A SAS view contains the following elements:

instructions to build a table
descriptor information that identifies attributes of both the data set and the data values

SAS data sets can be indexed by one or more variables, known as key variables. A SAS index contains the data values of the key variables that are paired with location identifiers for the observations that contain the variables. The value and identifier pairs are ordered in a B-tree structure that enables the engine to search by value. SAS indexes are classified as simple or composite, according to the number of key variables they contain.

For more information about SAS data sets, SAS files, SAS views, and SAS indexes, refer to SAS Language Reference: Concepts.

SAS/GIS Data Sets

As a component of SAS, SAS/GIS stores all of its data in SAS data sets. The SAS/GIS spatial database works as one logical entity, but is physically separated into six different categories of data sets:

chains
nodes
details
polygonal index
label
attribute

A given SAS/GIS map can reference only one chains, nodes, details, and label data set, but it can reference multiple polygonal index and attribute data sets. Multiple SAS/GIS maps can use a single set of chains, nodes, and details data sets.

Chains Data Set

The chains data set contains coordinates for the polylines that are used to form line and polygon features. A polyline consists of a series of connected line segments that are chains. A chain is a sequence of two or more points in the coordinate space. The end points, the first and last points of the chain, must be nodes. Each chain has a direction, from the first point toward the last point. The first point in the chain is the from-node, and the last point is the to-node. Relative to its direction, a chain has a left side and a right side. Points between the from-node and the to-node are detail points, which serve to trace the curvature of the feature that is represented by the chain. Detail points are not nodes.

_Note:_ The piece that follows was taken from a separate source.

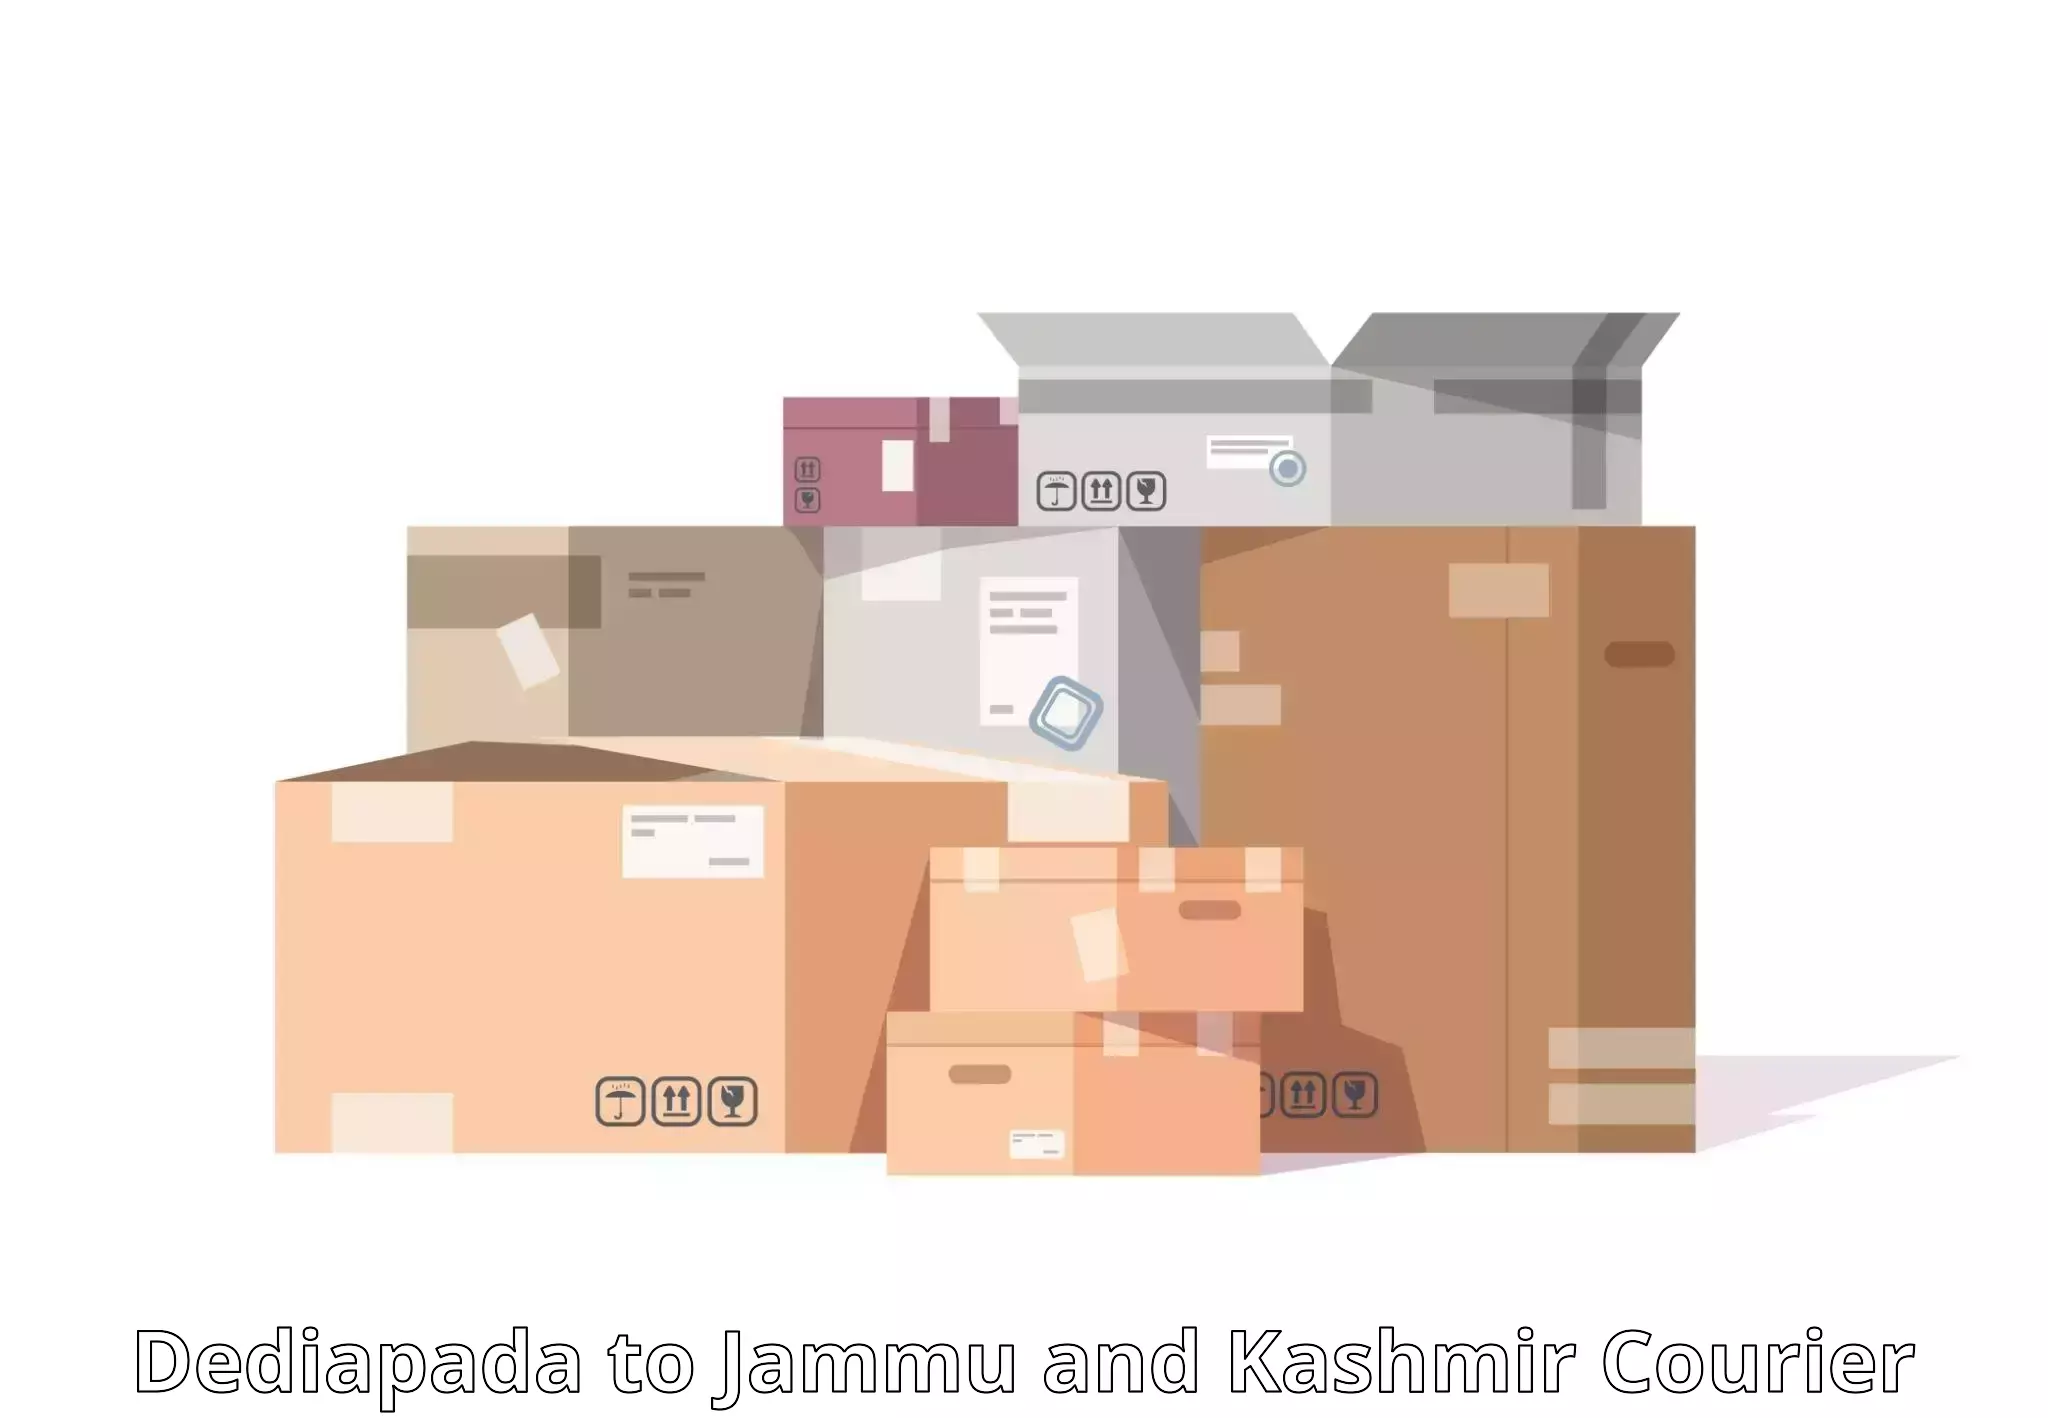 Customer-centric shipping Dediapada to NIT Srinagar

The chains data set also lists the from-node and to-node row numbers in the nodes data set, as well as the number of detail points and the corresponding details data set row number. The left and right side attribute values (for example, ZIP codes and FIPS codes) are also stored in the chains data set.

Nodes Data Set

The nodes data set contains the coordinates of the end points for the chains in the chains data set and the linkage information that is necessary to attach chains to the correct nodes. A node is a point in the spatial data with connections to one or more chains. Nodes can be discrete points or the end points of chains. A node definition can span multiple records in the nodes data set, so only the starting record number for a node is a node feature ID.

Details Data Set

The details data set stores the curvature points of a chain between the two end nodes, which are also called the from-node and the to-node. That is, the details data set contains all the coordinates between the intersection points of the chain. The node coordinates are not duplicated in the details data set. The details data set also contains the chains data set row number of the associated chain.

Polygonal Index Data Sets

The polygonal index data set contains one observation for each polygon that was successfully closed during the index creation process. It is called a polygonal index because each observation is an index to a polygon in the chains data set. That is, it points to the starting chain in the chains data set for each of the polygons.

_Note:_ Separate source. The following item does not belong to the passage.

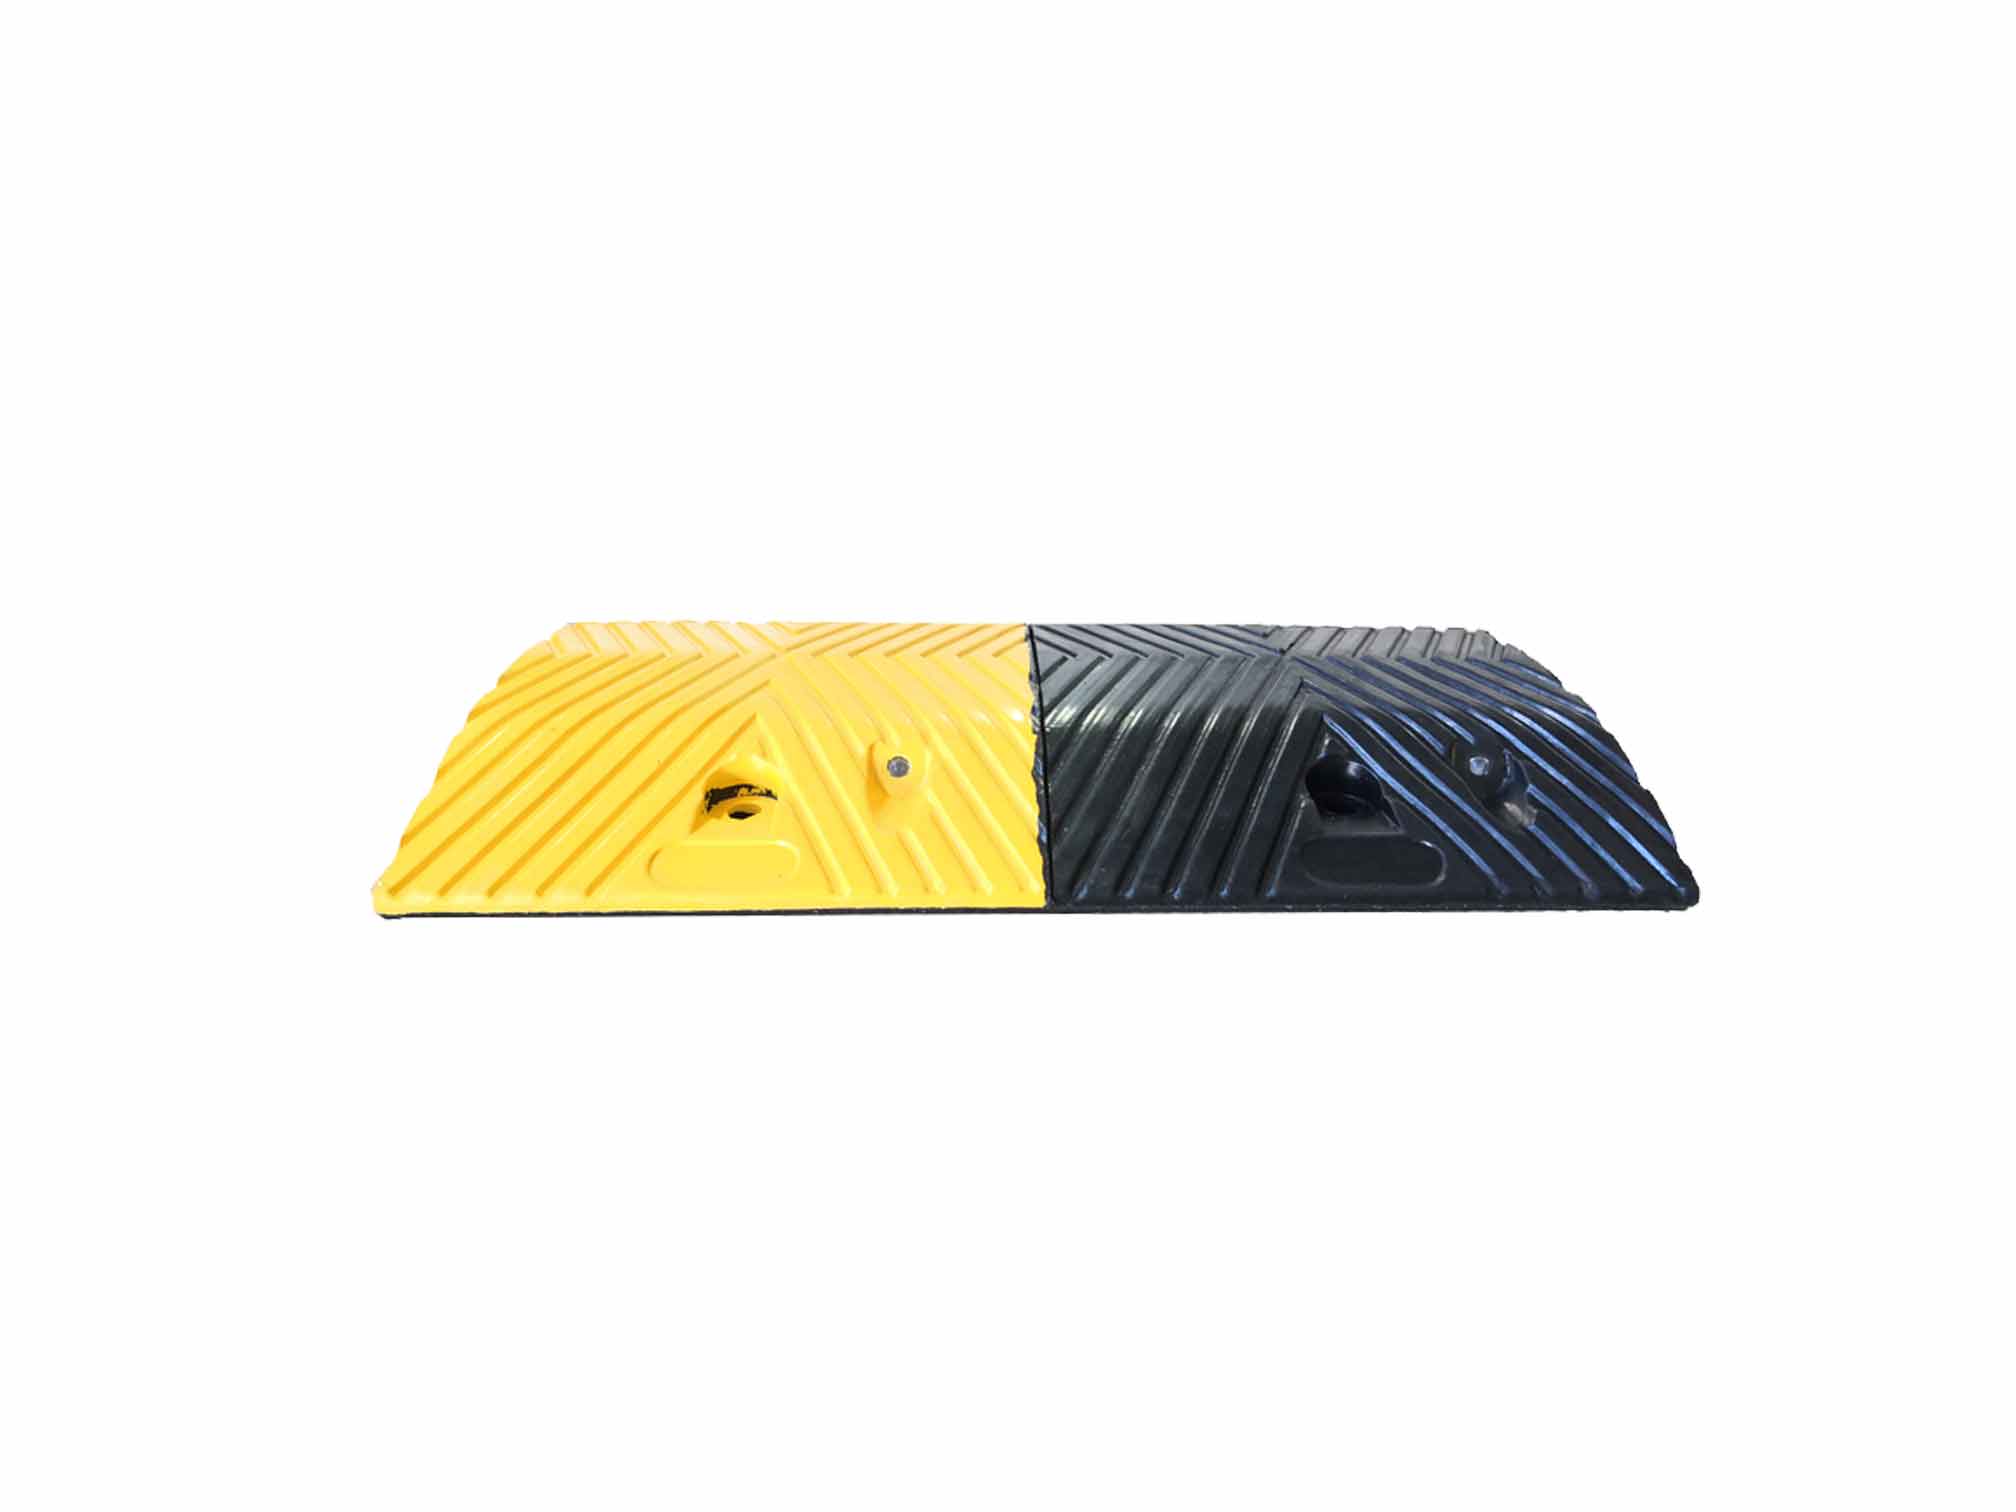 Modello DH - Rallentatori stradali in gomma nera e strisce gialle rifrangenti - DOSSI

If polygon areas, perimeter distances, and centroid locations were computed, then that information is also stored in the polygonal index data set.

Label Data Set

The label data set defines the attributes of labels to be displayed on the map. The attributes include all of the information that is applicable for each label, such as location, color, size, source of the text for a text label, as well as other behavioral and graphical attributes.

Attribute Data Sets

Attribute data sets contain values related to the map features. The observations in attribute data sets must be associated with observations in the chains data set. Attribute data is used to display themes on the map and for spatially oriented reports, graphs, map actions, and so forth.

Managing Data Set Sizes

By their nature, spatial databases tend to be rather large. Users of spatial data want as much detail in the maps as they can get, which increases the demands on storage and processing capacity. Spatial data that is not carefully managed can become too large for easy use.

Here are five actions that you can take to manage the size of your spatial data sets. You need to perform most of these actions before importing your data into SAS/GIS.

Reduce the spatial extent of the data.

Do not store a larger area than you need. If you need a map containing one state, do not store a map containing all the states for a region. For example, if you need to work with a map of Oregon, do not store a map containing all of the Pacific Northwest.
Store only the features that you need.

If you do not need features such as rivers and lakes, do not store these features in your spatial data.
Limit the amount of detail to what is necessary for your application.

If you are using a map for which you do not require highly detailed boundaries, reduce the detail level and save storage space. If you are using SAS/GRAPH data sets, you can use the GREDUCE procedure in SAS/GRAPH software to reduce the detail level. If you are using a data set from another source, you'll have to reduce the level of detail before importing the data set into SAS/GIS.
Reduce the number of attributes that are stored with the spatial data.

If you do not need an attribute, and do not think you will ever need it again, delete it from your spatial data.
Reduce the size of variables that are stored in the spatial data.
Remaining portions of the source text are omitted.